Shulou(Shulou.com)06/01 Report--

This article mainly explains "how to achieve user audit under the Linux system". The content of the article is simple and clear, and it is easy to learn and understand. Please follow the editor's train of thought to study and learn "how to achieve user audit under the Linux system".

Create an audit log directory

The code is as follows:

Mkdir-p / var/log/user_audit

Create a user audit log file

The code is as follows:

Touch / var/log/user_audit/user_audit.log

Assign files to low-privilege users

The code is as follows:

Chown nobody:nobody / var/log/user_audit/user_audit.log

Give everyone write permission

The code is as follows:

Chmod 002 / var/log/user_audit/user_audit.log

Give all users additional permissions

The code is as follows:

Chattr + a / var/log/user_audit.log

Edit / etc/profile add the following

The code is as follows:

Export HISTORY_FILE=/var/log/user_audit/user_audit.log

Export PROMPT_COMMAND=' {date "+% y-%m-%d% T # $(who am i | awk" {print\ $1\ "\ $2\"\ "\ $5}")

Example

The server permissions commonly used by many people are really difficult to manage, misoperation and other failures, can not be investigated, the best way is to record user operations in real time to the log, and push to the remote log server.
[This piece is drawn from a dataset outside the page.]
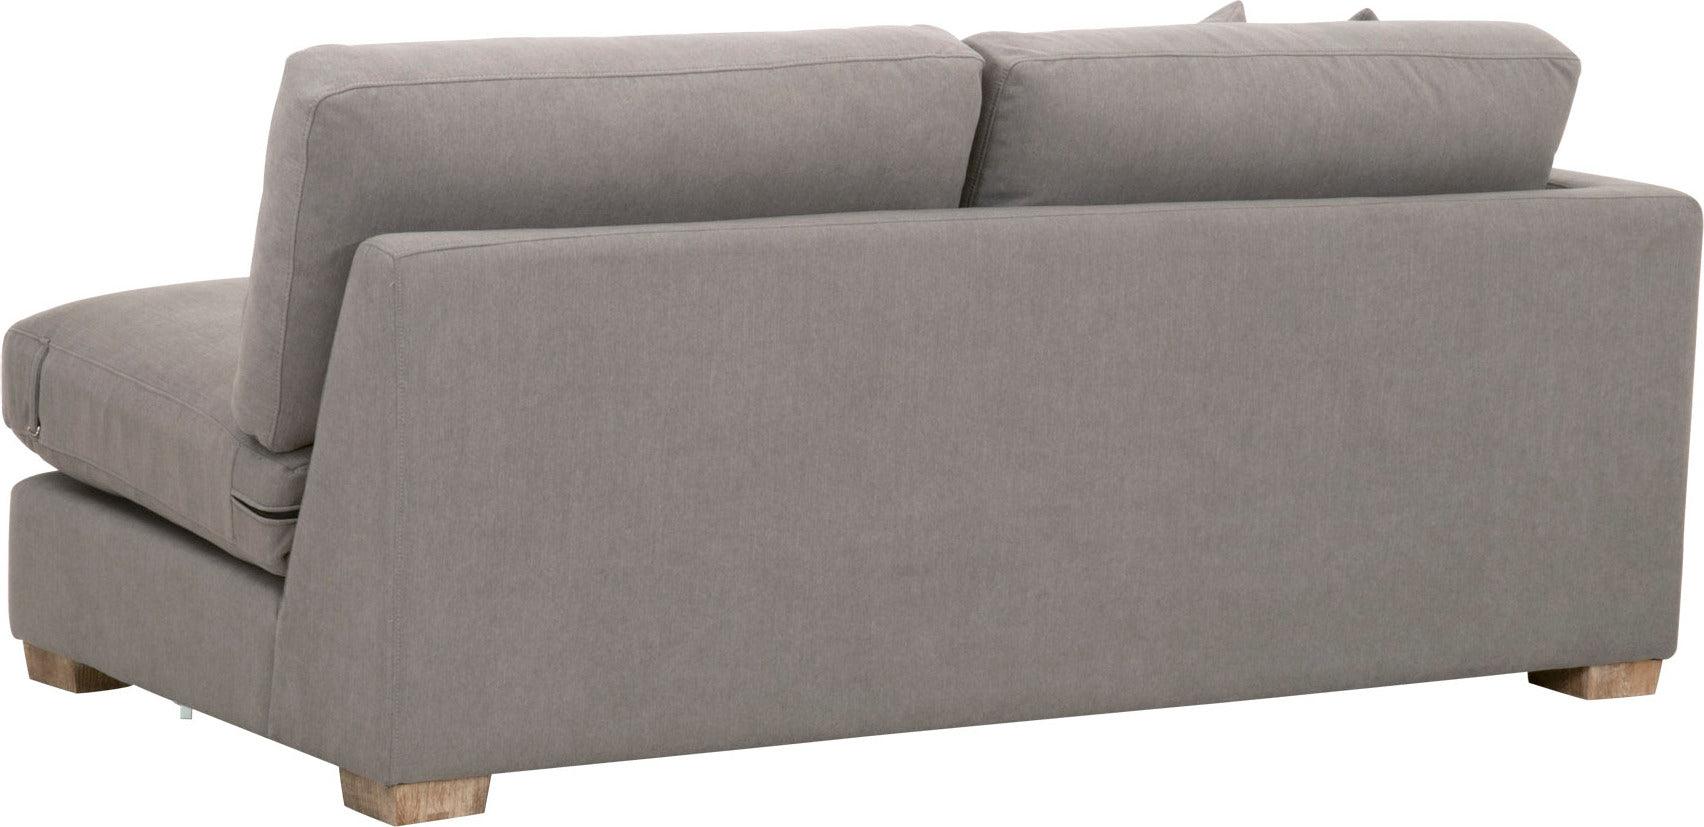 Essentials For Living Sofas & Couches - Hayden Modular Taper 2-Seat Left Arm Sofa Natural Gray Oak

Including (user login time, directory, operation command and timestamp, etc.). So that it can be traced afterwards.

Environment: centos5.5 X8664 2 # Note: turn off the firewall and selinux of the two hosts. It's in operation.

(1) Log server IP:10.0.2.164

(2) client / server IP:10.0.2.165

1. First operate on the log server 10.0.2.164 host:

The code is as follows:

[root@MySQL-B ~] # echo "* .info / var/log/client" > > / etc/syslog.conf

# configure the log to save the file and bring up the *. Info on the first line of the file. Put on a separate line.
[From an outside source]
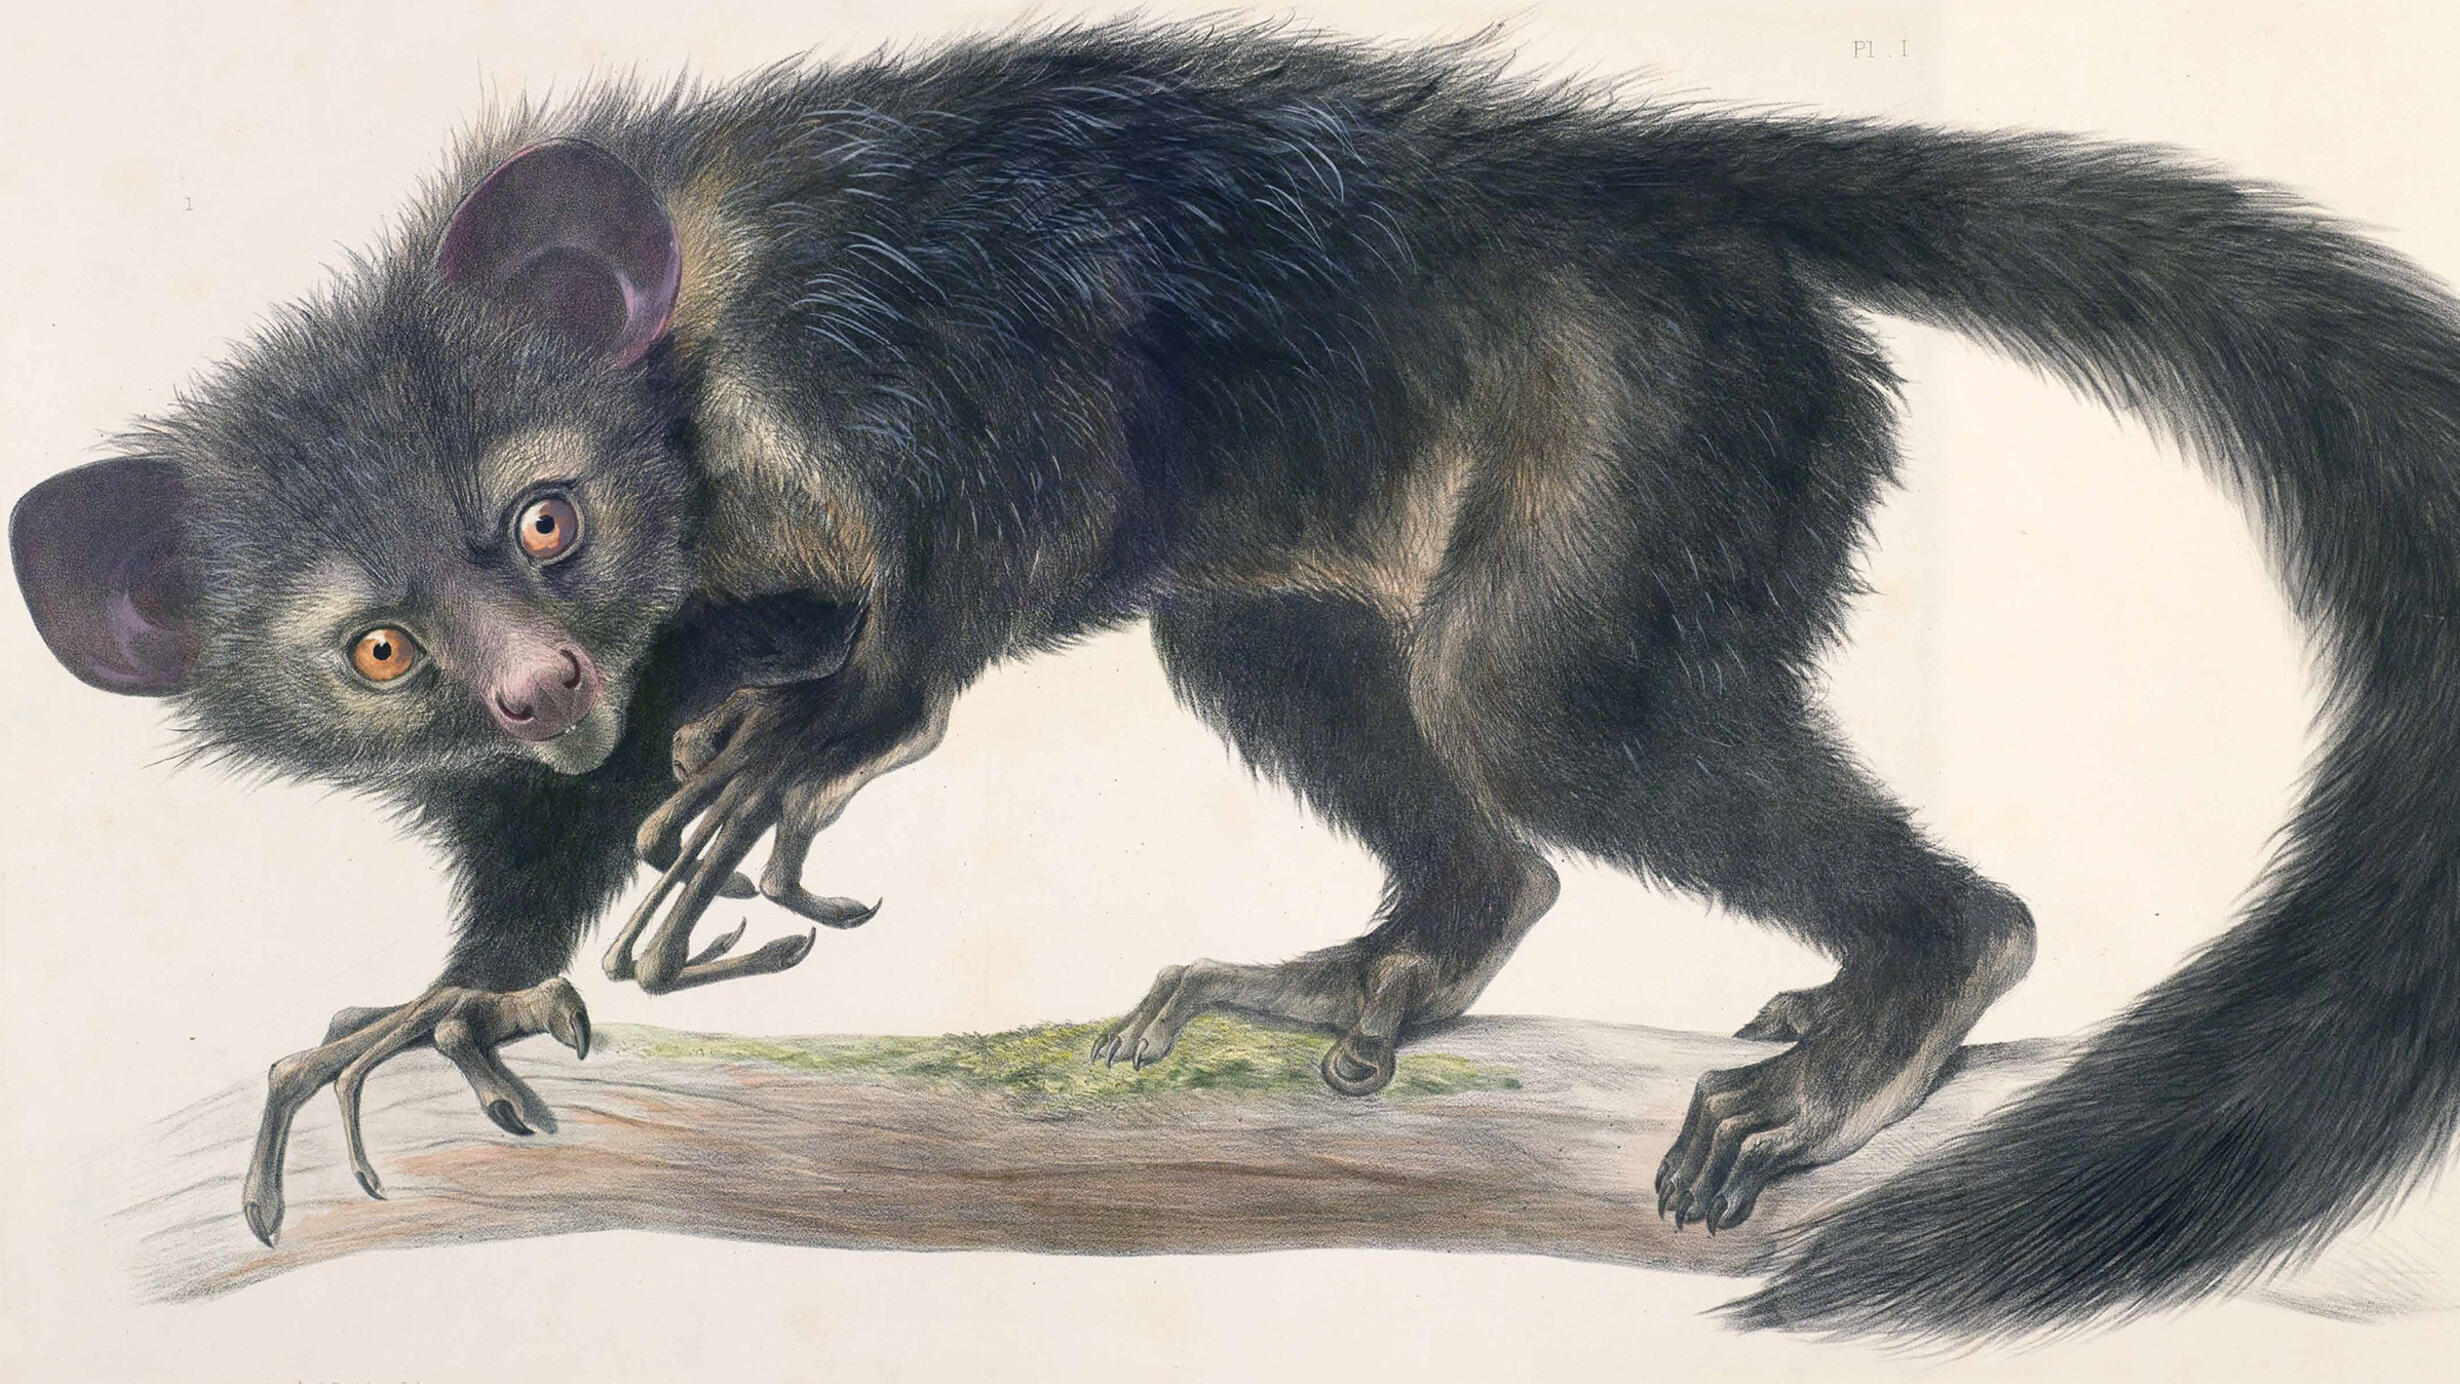 Illustration of an aye-aye lemur crawling across a branch and looking startled

[root@MySQL-B ~] # service syslog restart # restart the syslog log service.

Shutting down kernel logger: [OK]

Shutting down system logger: [OK]

Starting system logger: [OK]

Starting kernel logger: [OK]

[root@MySQL-B ~] # vim / etc/sysconfig/syslog # receives client writes.

Change SYSLOGD_OPTIONS= "- m 0" to: SYSLOGD_OPTIONS= "- m 1-r"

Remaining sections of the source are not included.